The Company disagrees with the Union’s contentions and denies the Union’s request.


FOR THE UNION:                                         FOR THE COMPANY:

(SGD.) D. OLSON                                         (SGD.) D. CORRIGAN

GENERAL CHAIRMAN                                                      FOR: VICE-PRESIDENT OF CANADIAN OPERATIONS


There appeared on behalf of the Company:

M. Chernenkoff                              – Assistant Labour Relations Officer, Calgary

T. Litowsky                                     – Superintendent, Pacific Gateway, VCR

D. Freeborn                                    – Manager, Labour Relations, Calgary

A. Azim Garcia                               Director, Labour Relations, Calgary


There appeared on behalf of the Union:

M. A. Church                                  – Counsel, Toronto

D. Olson                                         – General Chairman, Calgary

D. Fulton                                         – Vice-General Chairman, Calgary

F. O’Genski                                    – Local Chairman

Wm. Pitts                                        – Local Chairman

K. Cottrell                                       – Grievor




            There is no dispute that the grievor did violate the safety rules cited in the joint statement of issue, save that the Union does dispute that there was any violation of CROR rule 104(c) by Mr. Cottrell. It appears that on March 20, 2009, while operating road switcher VK-41 at the Domtar Mill, Conductor Cottrell, who was then assigned as a brakeman, was responsible for lining two switches for his train’s movement within the Domtar Mill. At one point he instructed the locomotive engineer to commence moving his train and promptly realized that he had lined a switch in the wrong position. When his radioed request to stop the movement received no response he quickly went to line the switch back to the proper position. He did not, however, place himself in the safe position outside the swing of the switch’s arm. As the switch was loaded with the wheels of the leading cars of the movement, considerable pressure was created on the spring of the switch, as a result of which the arm struck him in the groin area causing an injury to his right hip bone and lower anatomy. It appears that he shortly thereafter commented to his conductor that the blow he received “hurt like hell”.


            The grievor did not then report the incident or his injury to his supervisor and did not submit a “Marvin form” to report the incident before or at the end of his tour of duty, as required by Summary Bulletin No. BCO-Q1/09. By his own account that failure was prompted in substantial part by the fact that he was concerned his disciplinary record then stood at fifty-five demerits, and he was in genuine peril of being terminated.


            In fact, it subsequently became impossible for Mr. Cottrell to conceal what had occurred. While he believed immediately after the incident that he did not sustain any serious injury, he experienced extreme discomfort during the ensuing night, as well as blood in his urine, as a result of which he was compelled to attend at a hospital to receive medical care the following day. While records indicate that he did make a call to the CMC to indicate that he would not be coming to work because he was required to go to the hospital for a work related injury, there is no suggestion anywhere in the record that he ever communicated that fact directly to any supervisor.

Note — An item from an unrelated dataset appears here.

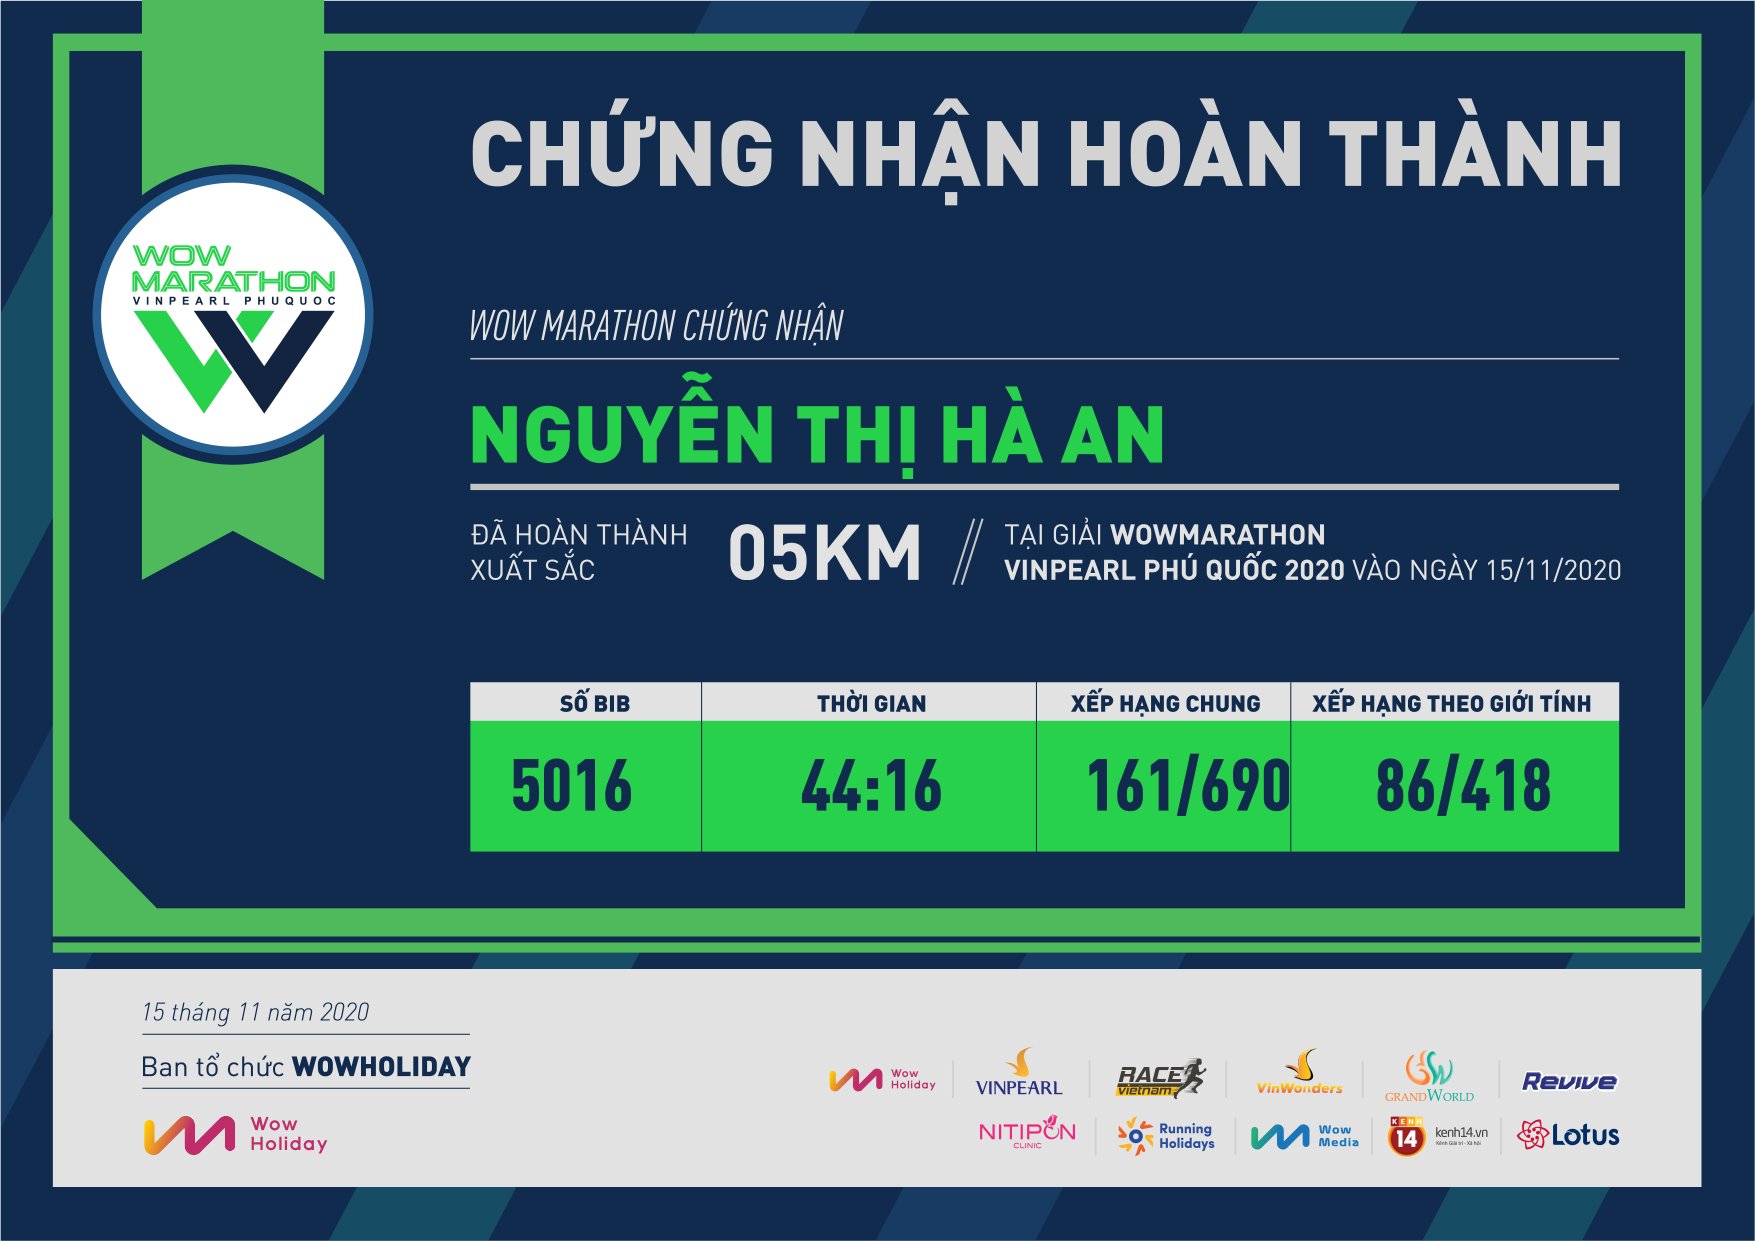 5016 - Nguyễn Thị Hà An
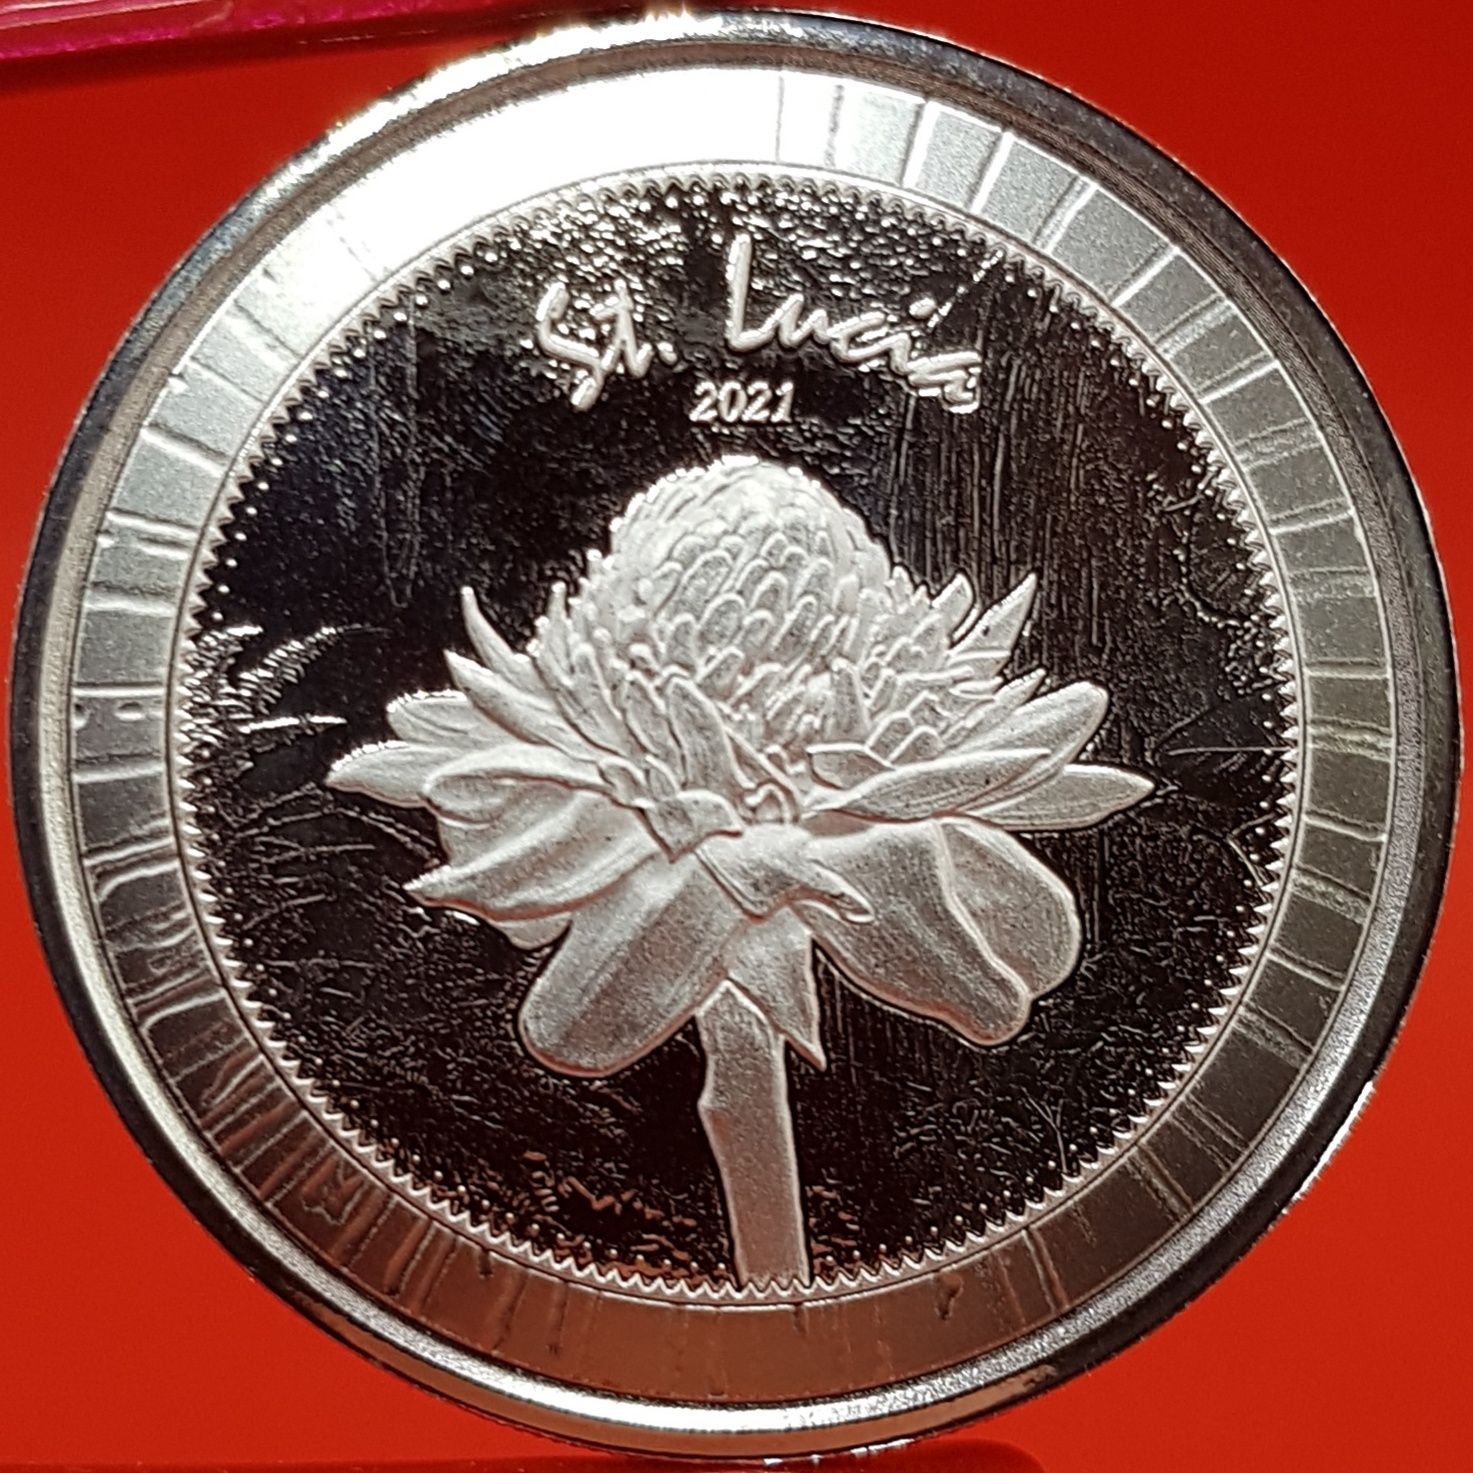 SUA Scottsdale Mint EC8 2021 monede lingou argint 999

            The Union submits that the assessment of fifteen demerits was excessive in all of the circumstances. Its counsel also maintains that Conductor Cottrell was denied a fair and impartial investigation.


            The Arbitrator cannot accept the Union’s position with respect to the quality of the investigation conducted by the Company. Counsel for the Union objects to the fact that the investigating officer asked a series of questions to the grievor’s union representative who was in attendance with him, questions generally directed to whether there was any impropriety in the conduct of the investigation. While I would agree that that line of questioning is questionable, and that arguably the Union representative might have simply refused to answer, I cannot conclude that the questions put to the Union’s representative were in and of themselves a violation of the obligation to conduct a fair and impartial investigation. While it is also arguable that the investigating officer put to the grievor a characterization of rule 104(c) which might, in the strictest sense, be viewed as erroneous, no substantial unfairness resulted from that question. Nor do I consider that the questions put by the investigating officer were overly aggressive or suggestive of a pre-determined result, as argued by the Union. Lastly, the fact that the Company decided to conduct a supplementary investigation, following the statement of the conductor on the grievor’s crew who related that he had stated to him that the injury “hurt like hell”, was not itself inappropriate or unfair. In my view it was legitimate for the Company to confront the grievor with that statement of Conductor Hanes, particularly as it might have a reasonable bearing on whether Mr. Cottrell should have considered that his injury was sufficiently serious to report it. For all of these reasons the Arbitrator is compelled to dismiss the procedural objections raised by the Union.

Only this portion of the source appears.